3 Things You Must Do Once Your Divorce Is Final

August 23, 2018 By Gratia P. Schoemakers, Esq.

The divorce process can be long and expensive.  However, the work does not end once the divorce decree is signed. In order to ensure that your assets and estate planning wishes are carried out in light of this major life change, there are three things you must do as soon as possible.What’s Next?

Change Beneficiary Designation On Life Insurance

A life insurance policy is a contract between you and the insurance company.  You designate the beneficiary (the individual(s) or entity who will receive the proceeds upon your death) and the insurance company will pay them when you die. Because the beneficiary designation is a legally binding contract, the insurance company has to pay the individual listed as your beneficiary. If your ex-spouse is listed as the beneficiary, they will pay the funds out to him or her.  It does not matter to the insurance company if the two of you are now divorced.

Update Beneficiary Designation On Retirement Plans

Although state law may automatically revoke a designation on a retirement plan if the ex-spouse is listed, federal law states that the last named beneficiary is the one who is entitled to the funds. Depending upon what type of retirement account you have, it might be the state law that controls or the federal law.  To be on the safe side and avoid a potentially long and costly battle for your family, it is best to change the beneficiary as soon as possible.

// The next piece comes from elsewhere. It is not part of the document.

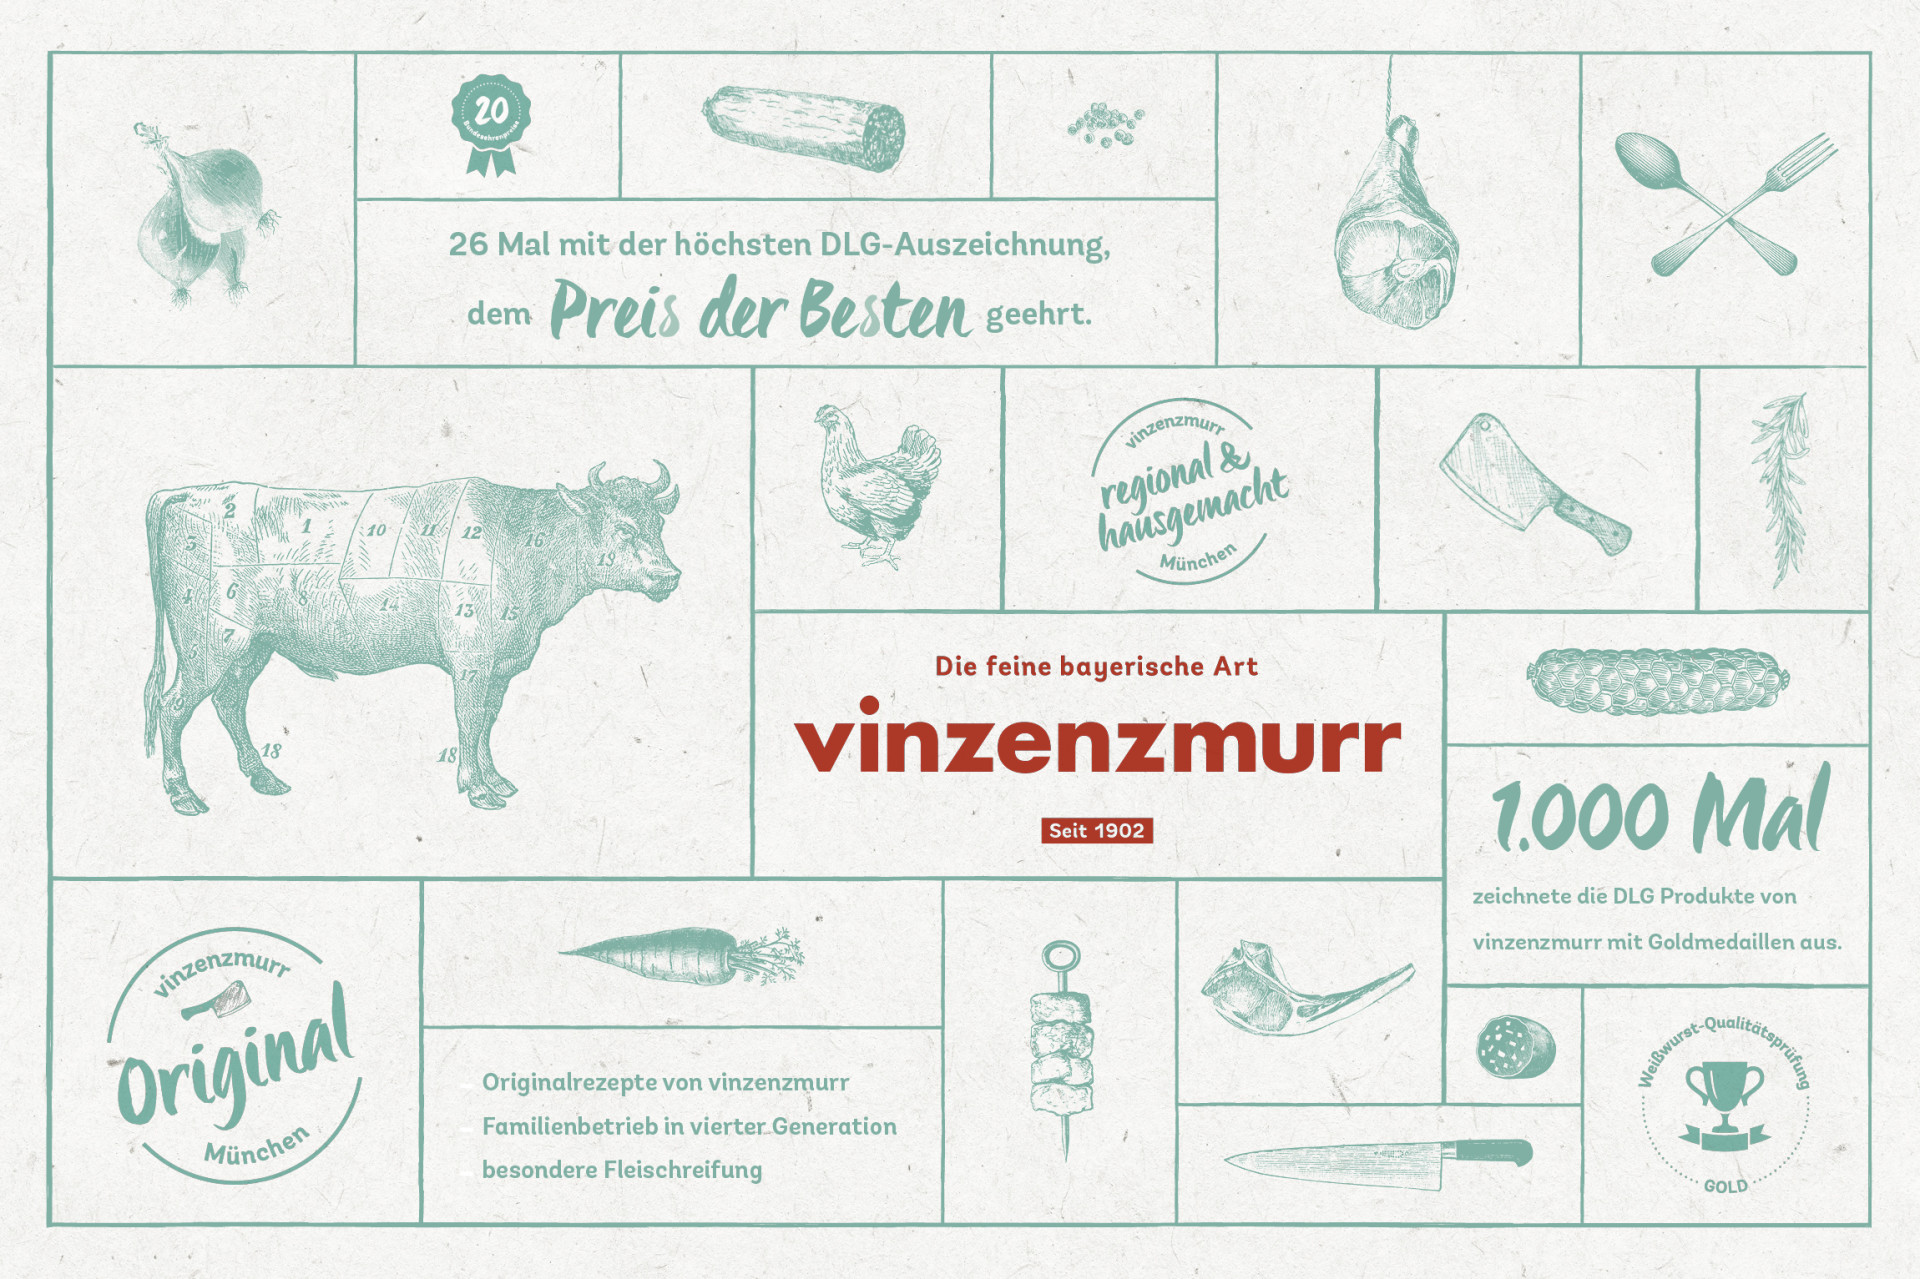 Vinzenzmurr – Brand Design und Ladenbaukonzept (1)
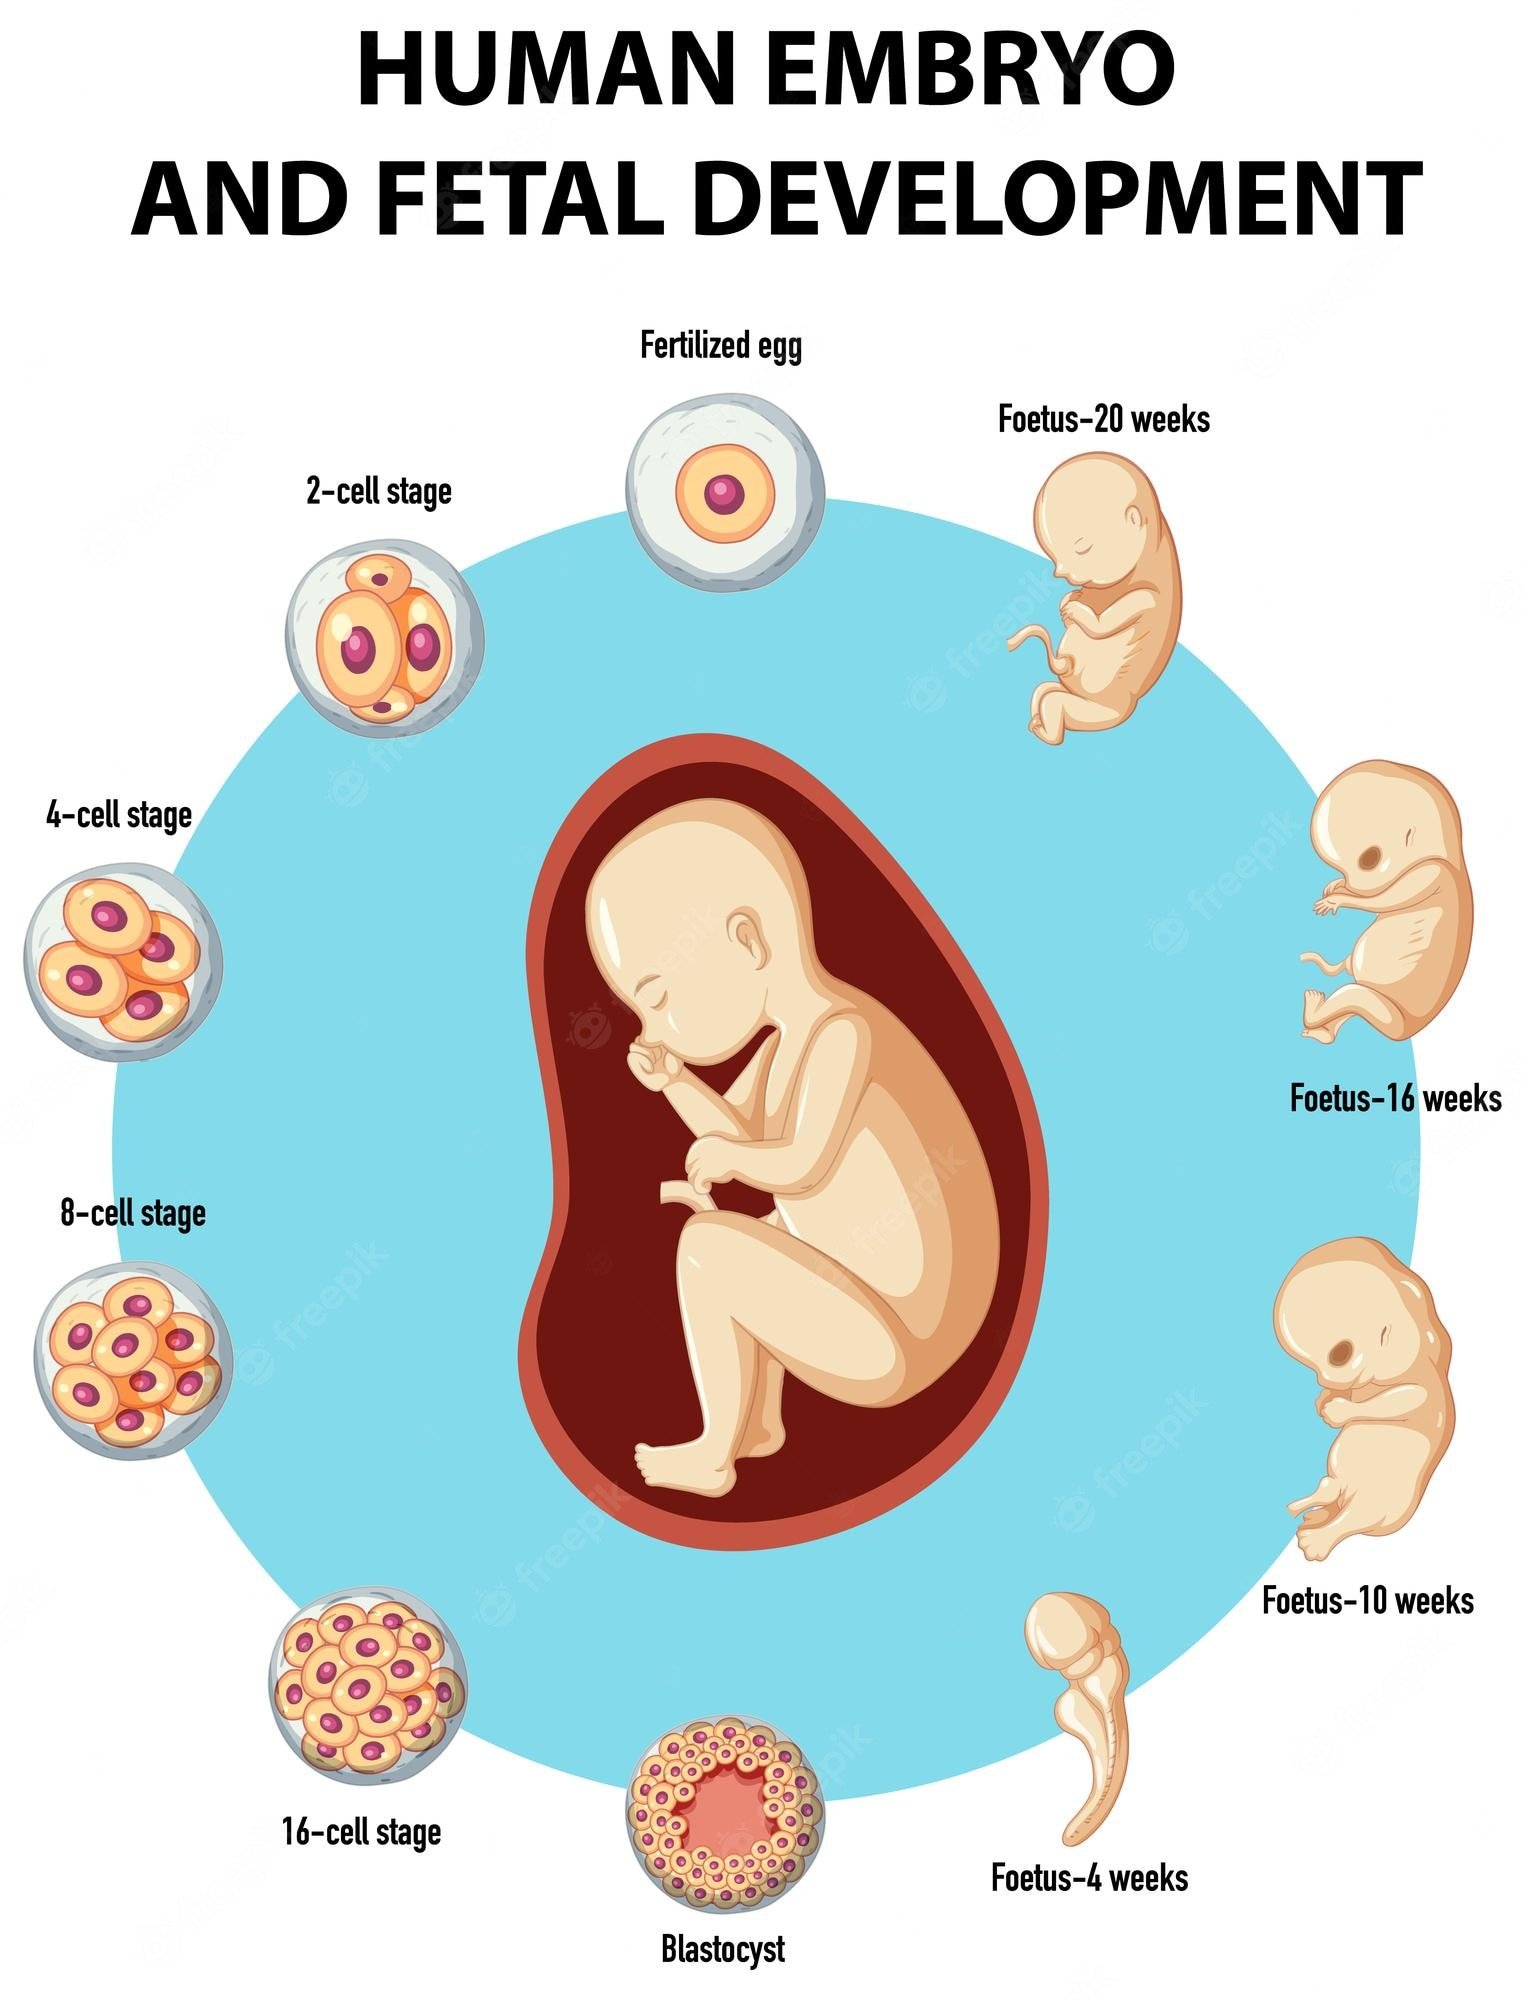 Embryo Image

Create or Revise Your Estate Plan

If you and your former spouse had a joint trust, you will need to have your own individual trust created to hold the assets that are now in your name only. In this new plan, you will need to think about who to name as the trustee and beneficiary. If you have minor children, you may also need to consider who is going to be the individual to manage those assets on behalf of your children. In many cases, you probably don’t want your ex-spouse in these roles.

If you do not have any estate planning documents in place, now is the perfect time to get everything in order. After going through the divorce, you probably have a good idea as to what assets you own and the value of them.  This will be very helpful as we discuss the right estate plan for you.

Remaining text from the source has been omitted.